A shareholders agreement is fundamentally important to your business. There are numerous issues that can arise that can give rise to serious disputes between shareholders and more often than not, shareholder disputes can jeopardise the entire business. It is also vital that a shareholders agreement is concluded in conjuction with the Memorandum of Incorporation for the Company, particularly as the Companies Act 2008 provides that in relation to certain vital aspects a Memorandum of Incorporation will override and take precedence over a shareholders agreement.

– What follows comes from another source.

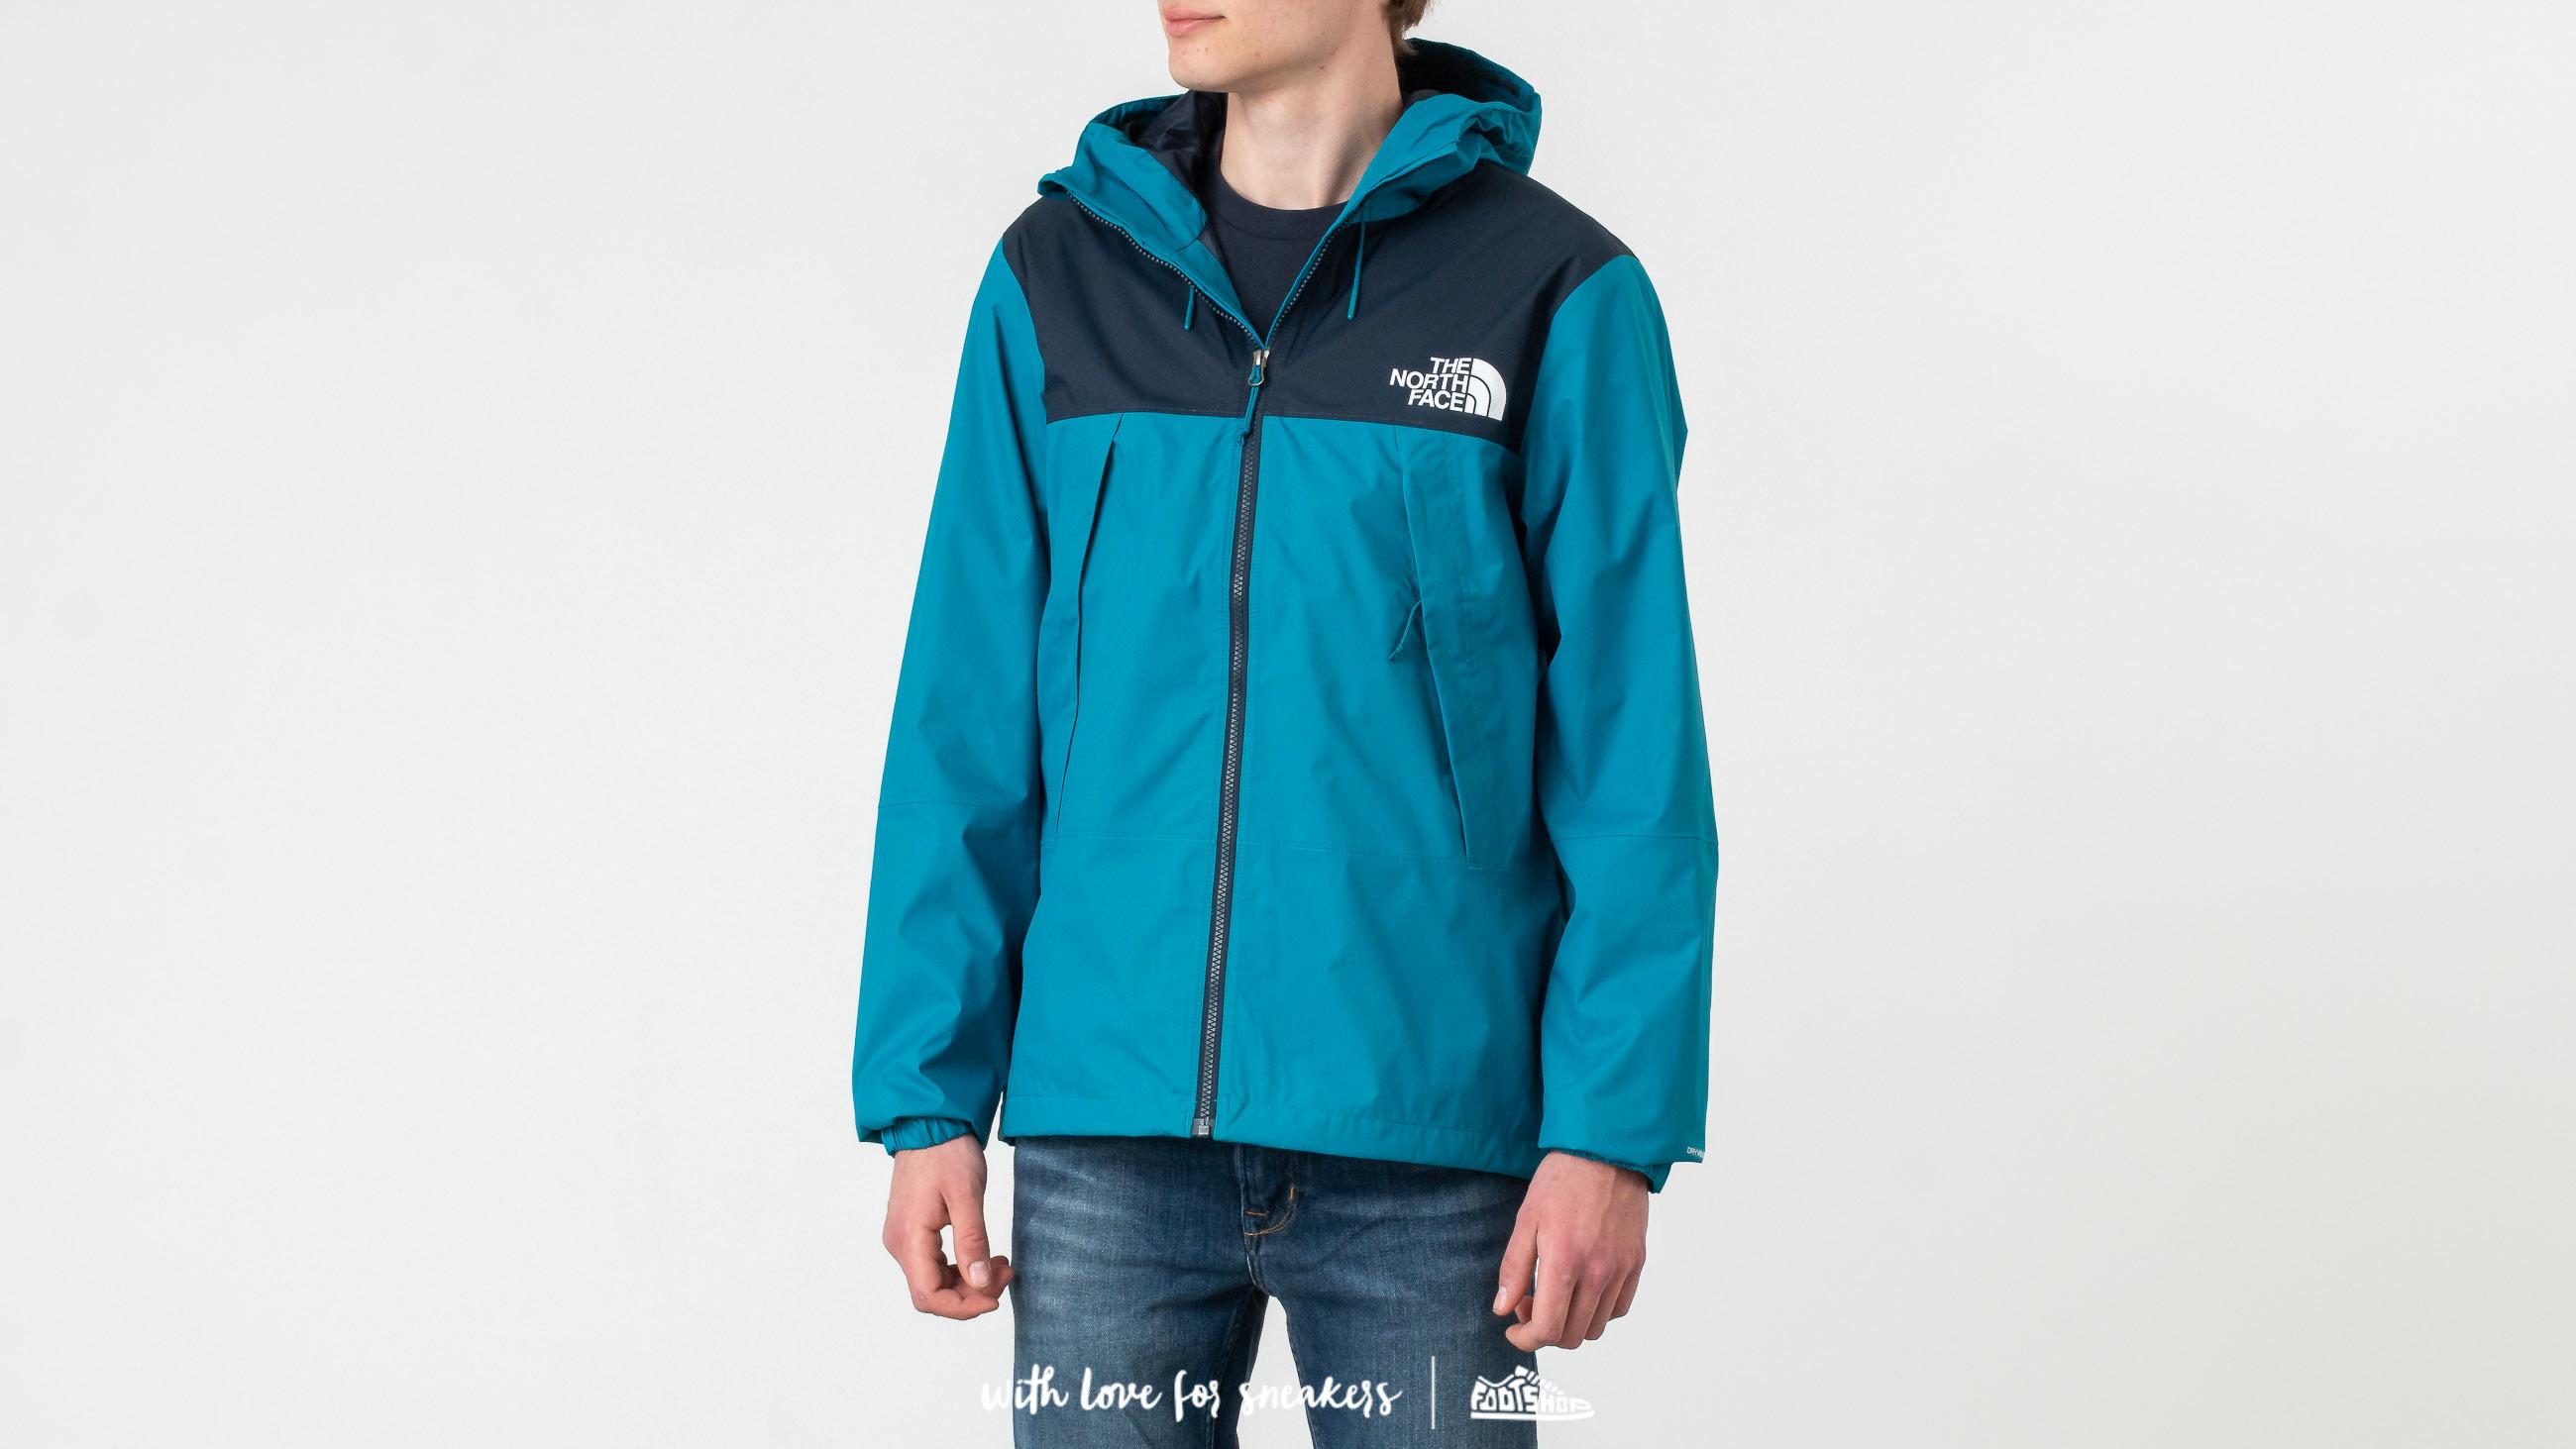 The North Face 1990 Mountain Jacket Crystal Teal za skvelú cenu 139 € kúpite na Footshop.sk

A share buy back agreement is concluded when the company buys back some of its shares. These agreements require compliance with the company’s Memorandum of Incorporation as well as the Companies Act, 2008. This particular agreement includes a restraint of trade in terms whereof the seller of the shares undertakes to not compete with the Company.
If you are purchasing or selling an interest in a close corporation, then this is the correct document for you. Much like the purchase and sale of shares in a company, these can be complex transactions that are often prone to disputes. A written agreement regulating matters like the purchase price, payment details, confidentiality, dispute resolution, etc is critical.
When appointing a non-executive director – it is strongly recommended that a written contract is put in place. This ensures that the non-executive director’s obligations are outlined, that the termination provisions are clear and that the remuneration is properly documented.